具有模板的C ++调用函数具有继承性

Question

So I have a class that defines a TileGrid:

template<typename T>
class TileGrid { ... };

I fill in the template with a class called ImageTile

class ImageTile { ... };

I have a child class of ImageTile that I have defined that looks like this:

class FFTWImageTile : public ImageTile { ... };

In a separate file I define the following function:

void writeDataToFile(TileGrid<ImageStitching::ImageTile> * grid, std::string fileName);

(note: both ImageTile and FFTWImageTile are in the ImageStitching namespace)

Now all of the above compiles just fine, but when I try to use it I get an error.

Here is an example test case that is using it:

namespace is = ImageStitching;
TileGrid<is::FFTWImageTile> * grid = new TileGrid<is::FFTWImageTile> ( ... );
writeTranslationsToFile(grid, "output.txt");

When compiling the test case I get the following error:

error: cannot convert 'TileGrid<ImageStitching::FFTWImageTile>*' to 'TileGrid<ImageStitching::ImageTile>*' for argument '1' to 'void writeTranslationsToFile(TileGrid<ImageStitching::ImageTile>*, std::string)'

Anyway I can make this happen in C++?? I've looked all over and cant seem to find some help with making a function that has a parameter featuring a template that has child/parent relationships.

Edit:

Everyone's answers have been exceptional and each solve the issue presented. I think decided to move to C++11 and use an assert for this particular case.
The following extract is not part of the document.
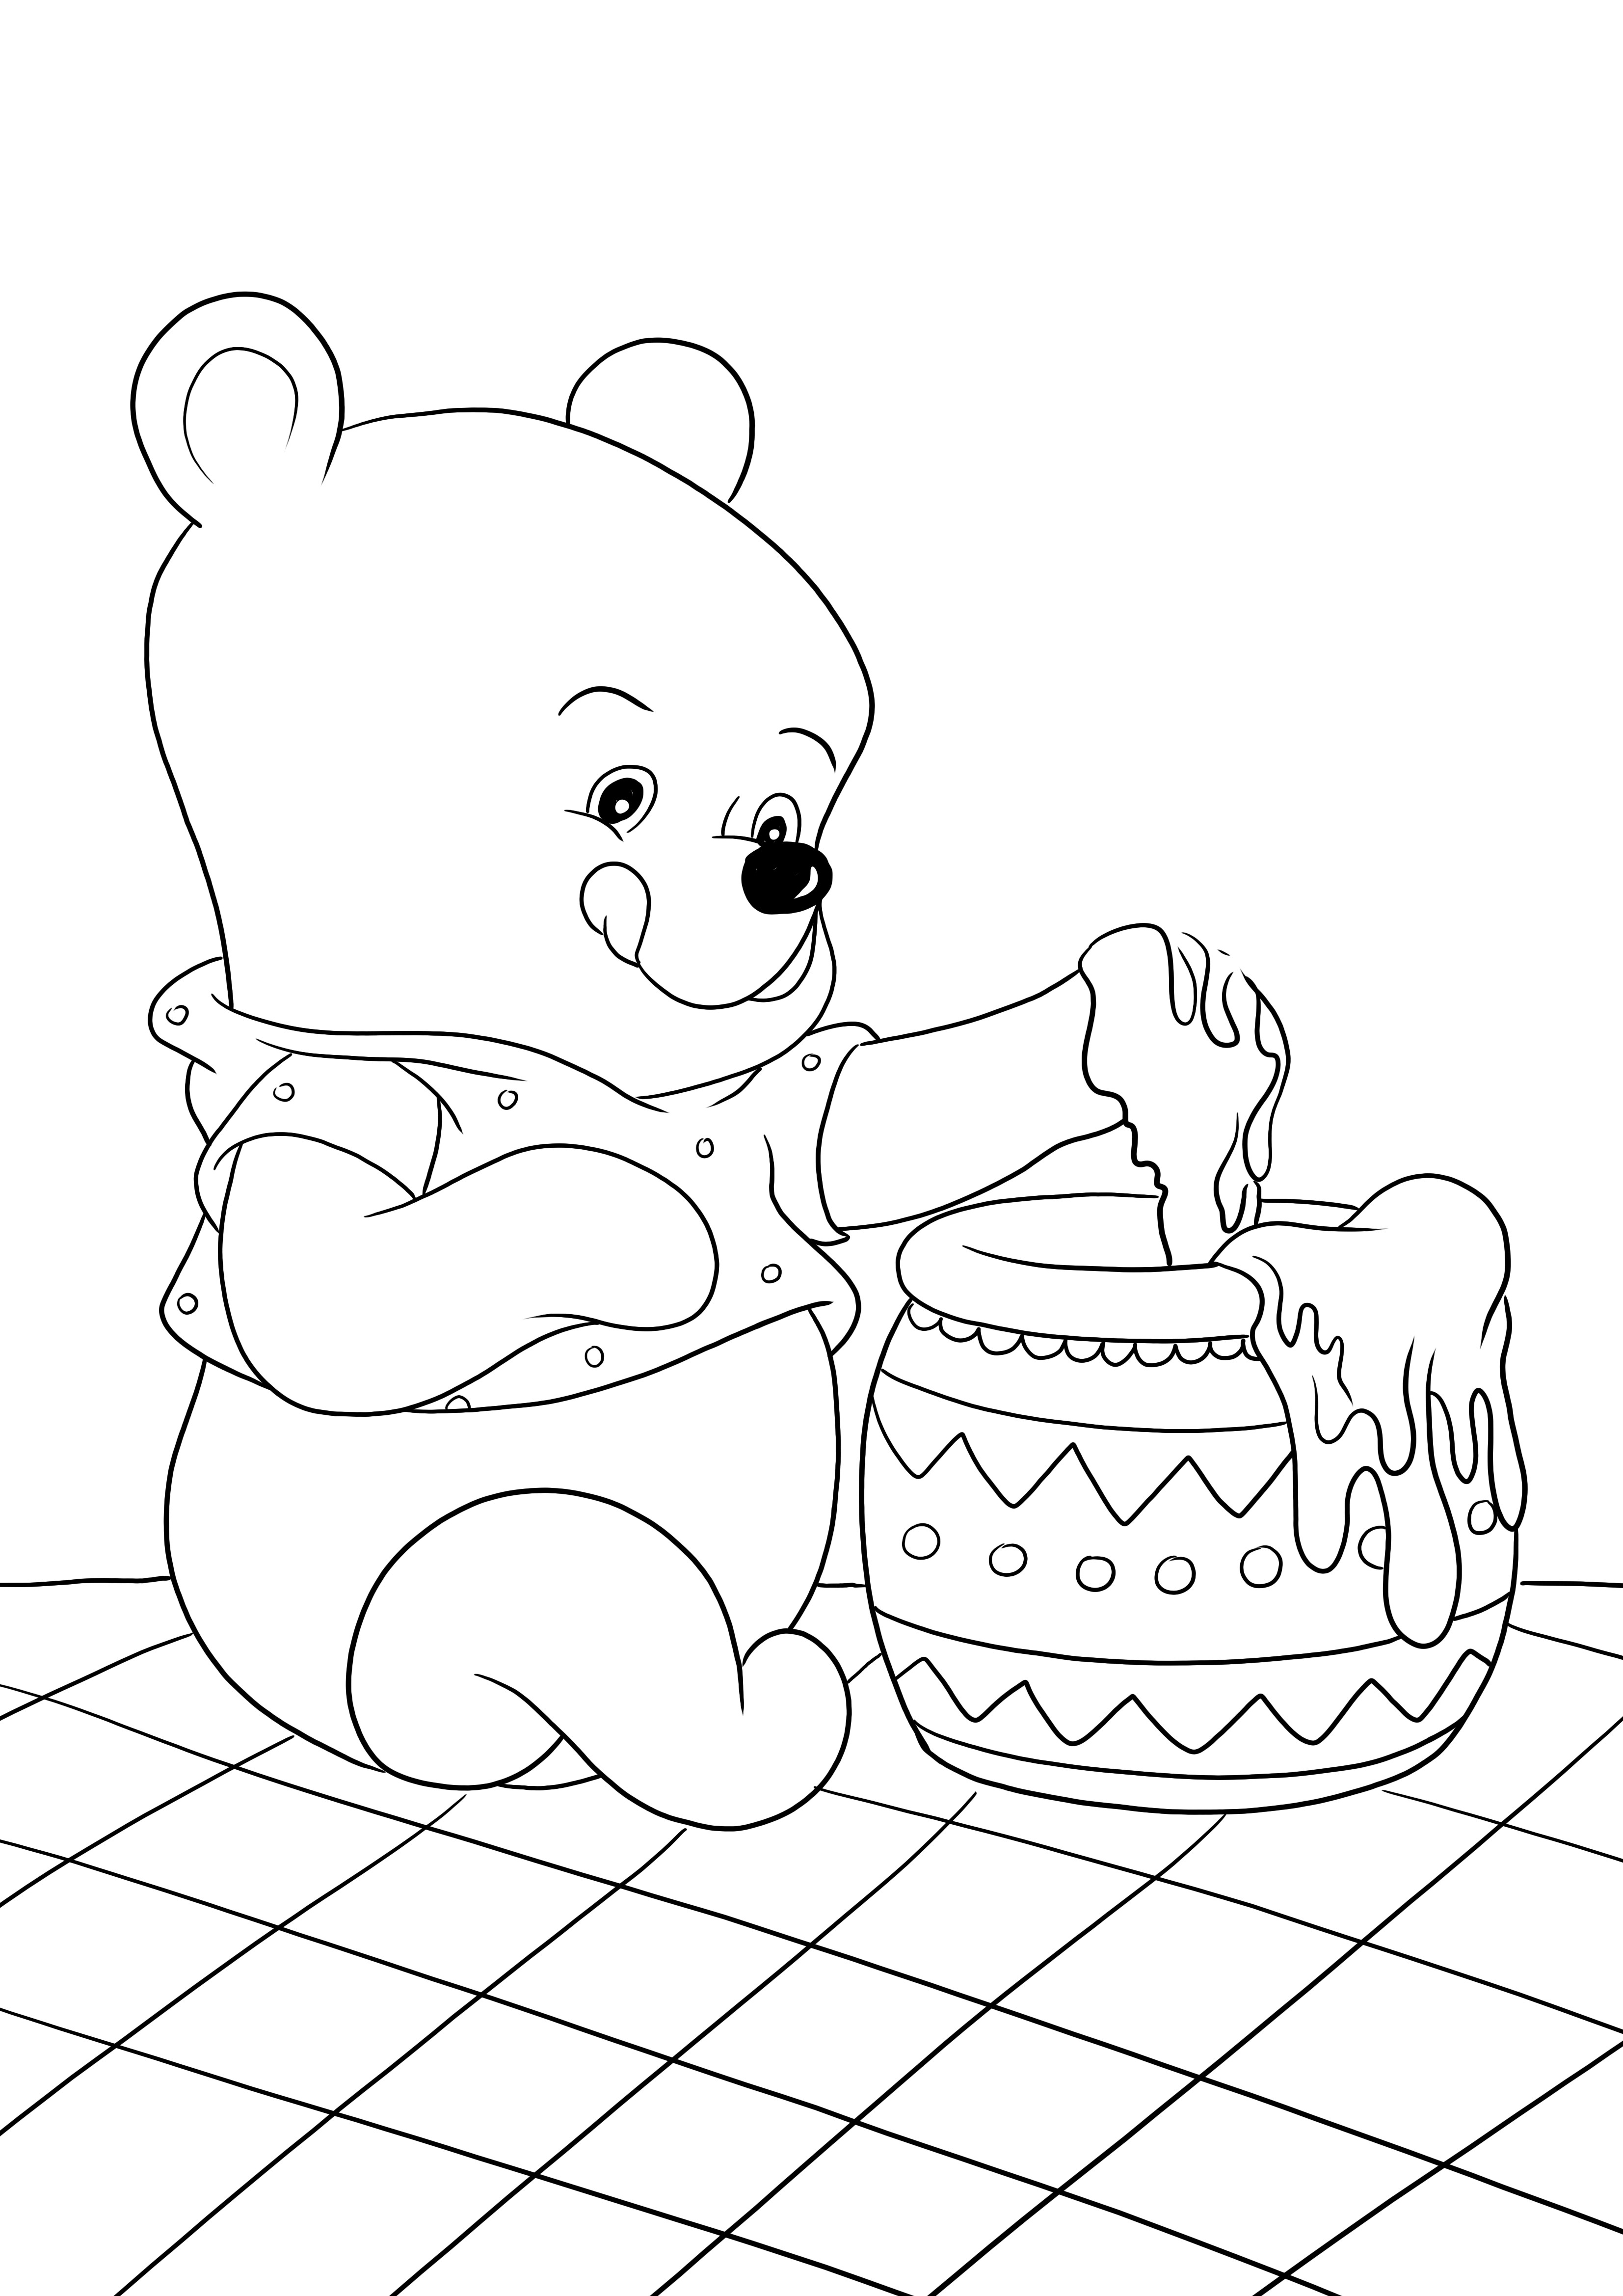 Winnie eet honing uit een potje om een kleurenfoto te maken om af te drukken of te bewaren voor later kleurplaat

In the future I think I will add a template to the function and ensure to get the data that way. Thank you all for the help! I have marked what I think is the best answer although each have been acceptable.

Answer 1

You are getting the error because despite that FFTWImageTile is derived from ImageTile , TileGrid<FFTWImageTile> and TileGrid<ImageTile> are absolutely unrelated classes.

How to fix this depends on the implementation of the classes which you haven't shown. Perhaps you can make writeDataToFile() templated:

template<typename T>
void writeDataToFile(TileGrid<T> * grid, std::string fileName);

Answer 2

You generate two different classes with

TileGrid<ImageStitching::ImageTile>

and

TileGrid<is::FFTWImageTile>

They have no relation other than being generated from the same template. You would want to derive from the class TileGrid<ImageStitching::ImageTile> to have an actual subclass for type purposes.

You could templatize the function writeDataToFile , but to enforce type restrictions on template arguments, you should use something like...

static_assert(is_base_of<T, ImageStitching::ImageTile>>(), "T is not a base of ImageTile");

• static_assert
• is_base_of

Answer 3

Options that might work for you.

1. Make writeDataToFile a function template.

    template <typename T> void writeDataToFile(TileGrid<T> * grid, std::string fileName); 

   In the implementation of this function, use another function template to write individual elements of the tile.

    template <typename T> void writeTileElement(T const& tileElement, std::ostream& out); 

   You can create overloaded versions of writeTileElement to take care of special handling of different types of objects.

2. Use a TileGrid of ImageTile* instead of ImageFile .

    void writeDataToFile(TileGrid<ImageStitching::ImageTile*> * grid, std::string fileName);